Intervention de Nicole Duranton

Réunion du 22 octobre 2015 à 10h30
Signalement de situations de maltraitance par les professionnels de santé — Adoption définitive en deuxième lecture d'une proposition de loi dans le texte de la commission

Photo de Nicole DurantonNicole Duranton :

Madame la présidente, madame la secrétaire d’État, monsieur le rapporteur, mes chers collègues, nous examinons en deuxième lecture une proposition de loi déposée par notre collègue Colette Giudicelli, que je tiens à féliciter.

Ce texte vise à protéger les enfants en renforçant le dispositif de signalement des situations de maltraitance. Il se fonde sur un constat simple : il existe des situations de maltraitance que les médecins ne signalent pas, de crainte de voir leur responsabilité engagée en l’absence de constat effectif de maltraitance.

Le Sénat avait souhaité, en première lecture, étendre le champ d’application du dispositif de signalement aux professions médicales et aux auxiliaires médicaux. Il avait en outre affirmé, de manière très nette, l’irresponsabilité civile, pénale et disciplinaire de ces professionnels pour faciliter le signalement d’éventuels cas de maltraitance.

La seule modification apportée par l’Assemblée nationale est l’extension du dispositif à « tout autre professionnel de santé », à savoir les pharmaciens ou encore les auxiliaires de puériculture. Nous examinons donc aujourd’hui un texte quasiment conforme à celui que nous avions adopté en première lecture.

Cela montre simplement que le sujet fait consensus, et c’est fort heureux.

En effet, le nombre de cas connus de maltraitance d’enfants et de jeunes majeurs de moins de vingt et un ans en danger s’élève à 98 000, et l’on compte chaque année en France de 180 à 200 syndromes de « bébés secoués ». La maltraitance est donc très fréquente ; ce n’est pas un phénomène marginal. Elle constitue un problème majeur de santé publique.

L’opinion publique considère trop souvent que la maltraitance des enfants est un phénomène rare, touchant majoritairement des familles défavorisées. Or les risques de la maltraitance existent dans toutes les classes sociales, sans discernement. Plusieurs études l’ont démontré : les facteurs psychoaffectifs priment largement les facteurs socio-économiques. La présence de la maltraitance dans toutes les classes sociales a déjà été démontrée s’agissant des violences conjugales et du syndrome des bébés secoués, pour lesquels nous disposons de données solides.

Si la maltraitance commence le plus souvent de manière précoce. Or l’enfant, aux premiers âges de la vie, est soumis à de nombreux examens médicaux. Les professionnels de santé sont donc en première ligne pour détecter d’éventuelles violences, raison pour laquelle ils occupent une place centrale dans le dispositif de protection de l’enfance. Pourtant, la part des signalements venant du secteur médical est très faible : selon l’ordre des médecins, 2 % à 5 % seulement des signalements émanent du corps médical.

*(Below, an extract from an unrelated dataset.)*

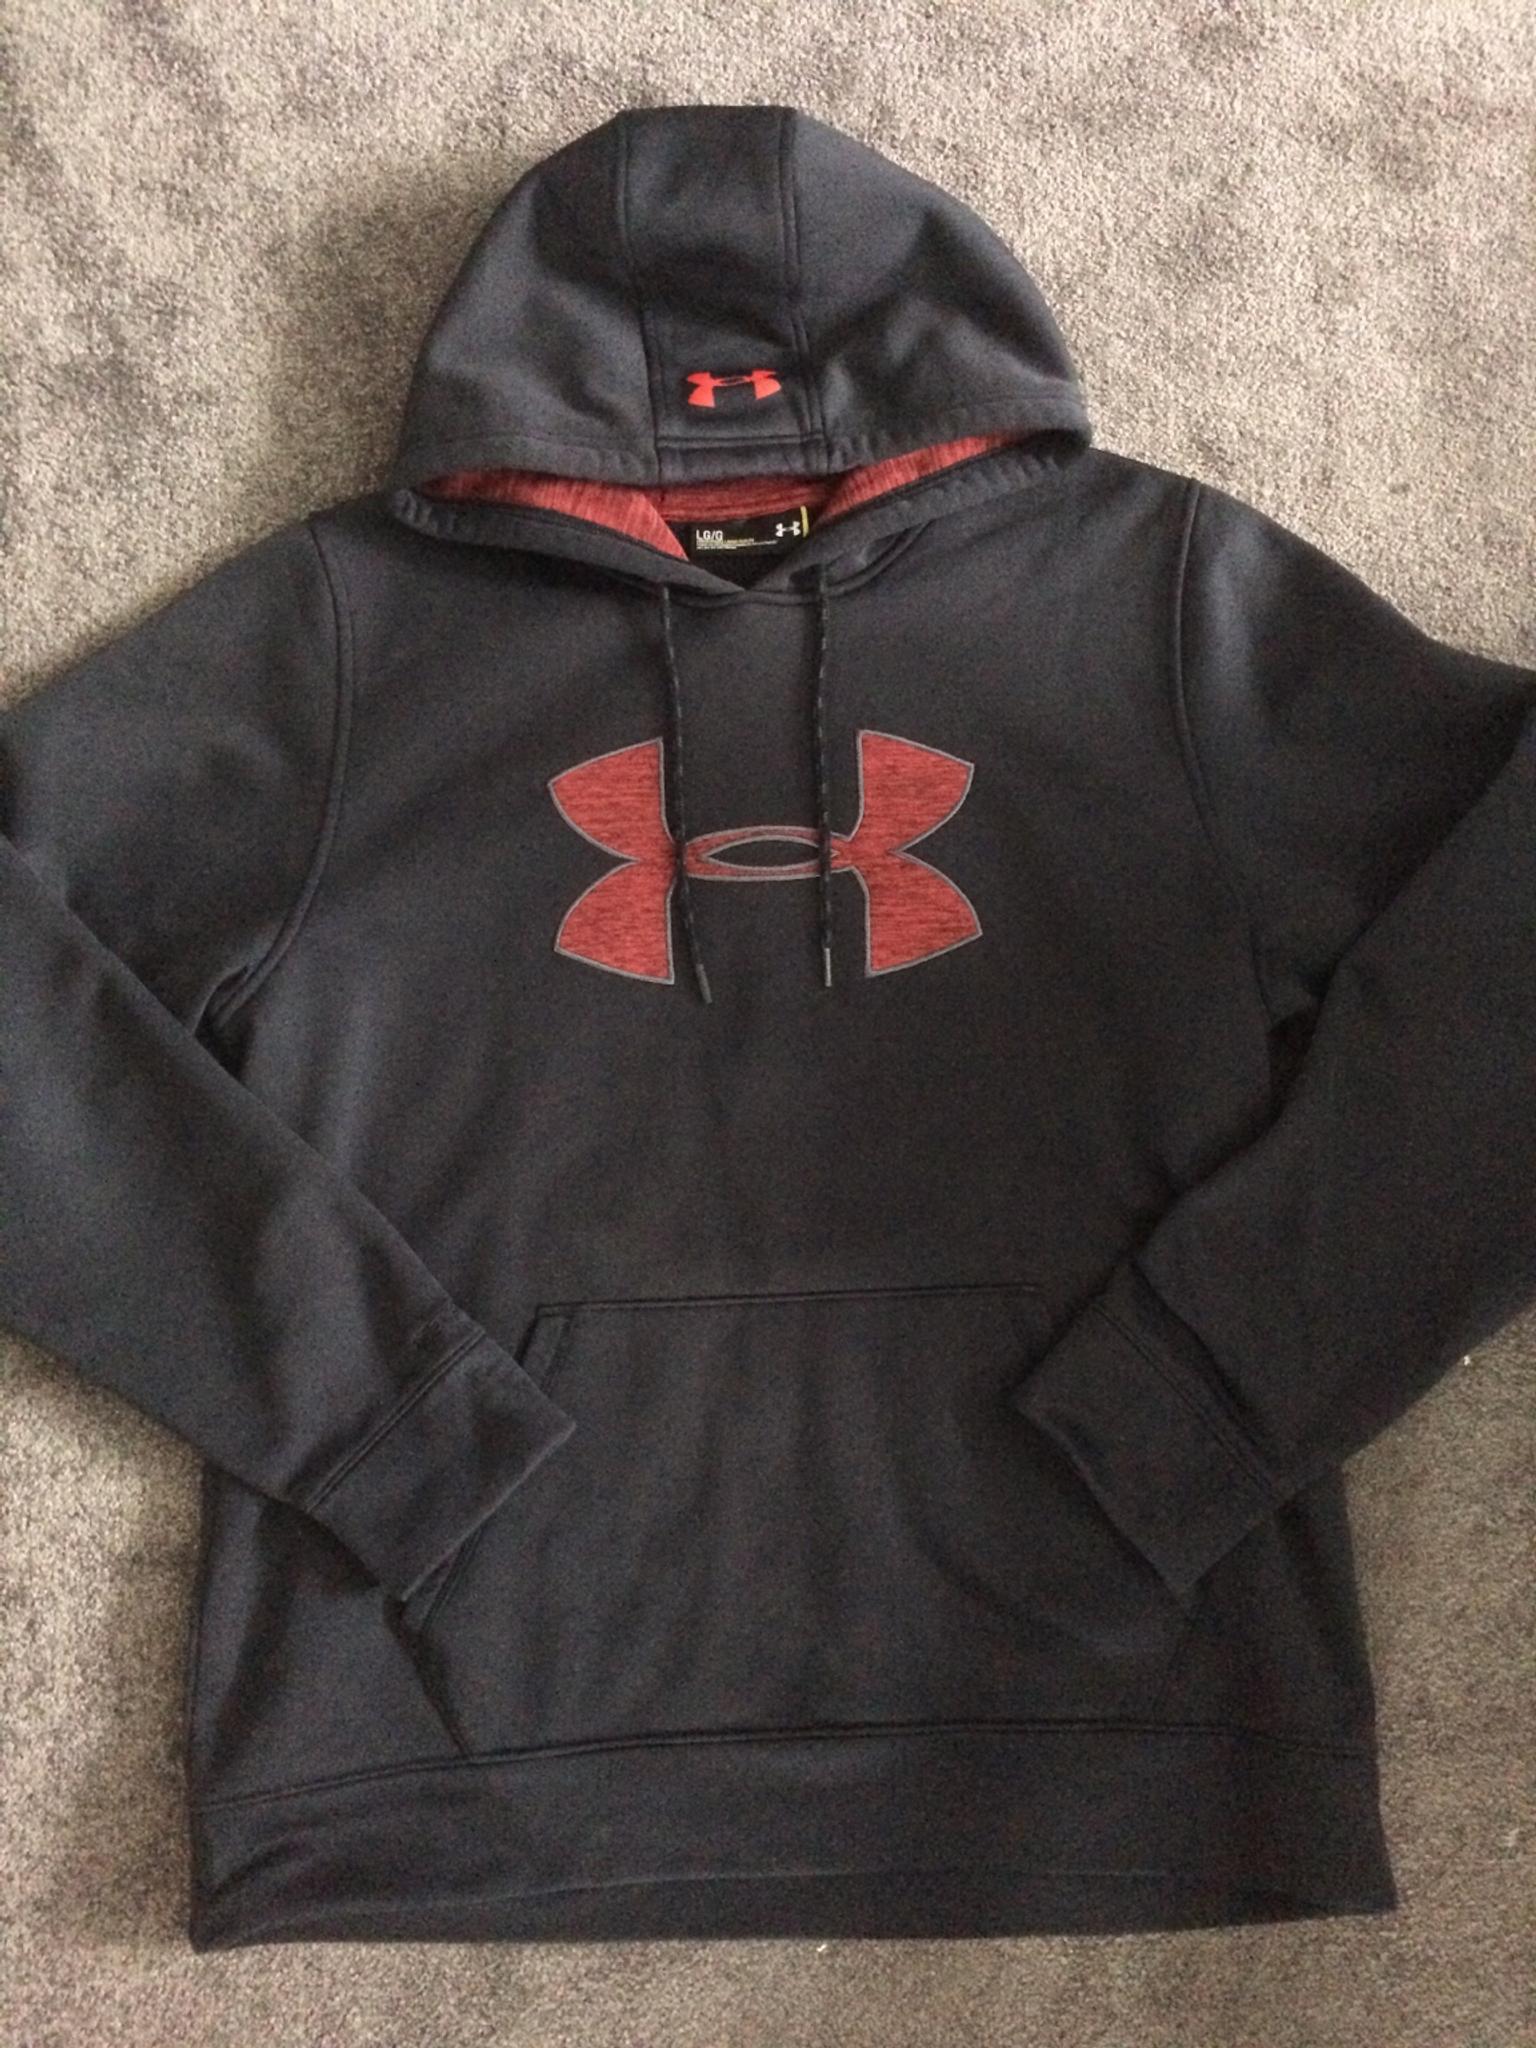 Men's Large Under Armour Hoodie in CW8

Plusieurs raisons peuvent expliquer ce faible pourcentage.

D’abord, la plupart des facultés de médecine ne font que peu de place à la formation sur la maltraitance dans le cursus des études médicales.

Ensuite, il peut exister des barrières psychologiques : par exemple, lorsque le médecin connaît la famille depuis longtemps, que des liens de proximité et de confiance se sont noués, il lui est plus difficile d’envisager la maltraitance.

Le médecin peut également craindre de voir ce signalement se retourner contre lui et d’être accusé de dénonciation calomnieuse, lui faisant encourir d’éventuelles sanctions disciplinaires, voire pénales.

Le médecin peut encore craindre d’être à origine d’un bouleversement familial et d’aggraver encore la situation de l’enfant. Pour la plupart des médecins, le signalement s’apparente à la mise en marche, de manière irréversible, de toute une machine judiciaire et administrative. Il s’agit pourtant non pas de lancer une accusation, mais seulement de permettre l’ouverture d’une enquête sociale et de protéger l’enfant.

Par ailleurs, le médecin qui signale le risque de maltraitance étant peu informé du devenir de l’enfant, il a souvent le sentiment de ne pas être intégré dans le suivi de l’enfant.

Nous pouvons donc nous réjouir du consensus dont fait l’objet cette proposition de loi. Pour rassurer certains d’entre nous, je rappelle tout de même qu’il ne s’agit pas là d’instaurer une immunité absolue. Le régime de la dénonciation calomnieuse existe toujours et s’applique aussi à ces professionnels. L’article 1er de ce texte tend d’ailleurs à préciser, dans le dernier alinéa de l’article 226-14 du code pénal, que « le signalement aux autorités compétentes effectué dans les conditions prévues au présent article ne peut engager la responsabilité civile, pénale ou disciplinaire de son auteur, sauf s’il est établi qu’il n’a pas agi de bonne foi ». Il ne s’agit donc pas d’une immunité absolue : les auteurs d’un signalement de mauvaise foi en sont exclus.

Aujourd’hui, c’est l’absence de protection qui conduit les professionnels à ne pas signaler les cas de maltraitance, de crainte des poursuites.

Depuis près de vingt ans, la protection de l’enfance s’est à la fois diversifiée et étoffée. Je salue cette proposition de loi, car elle s’inscrit dans un indispensable dispositif de prévention des mauvais traitements infligés aux enfants.

Après la loi du 10 juillet 1989, qui avait notamment instauré un service national d’accueil pour l’enfance maltraitée, assorti d’un numéro vert – le fameux 119 –, puis la loi du 6 mars 2000 qui avait créé un Défenseur des enfants, dont les fonctions ont été reprises par le Défenseur des droits et assumées par l’un de ses trois adjoints, ce texte, en plus d’accorder une irresponsabilité civile aux professionnels de santé, prévoit un véritable effort de formation des personnels placés au contact des enfants.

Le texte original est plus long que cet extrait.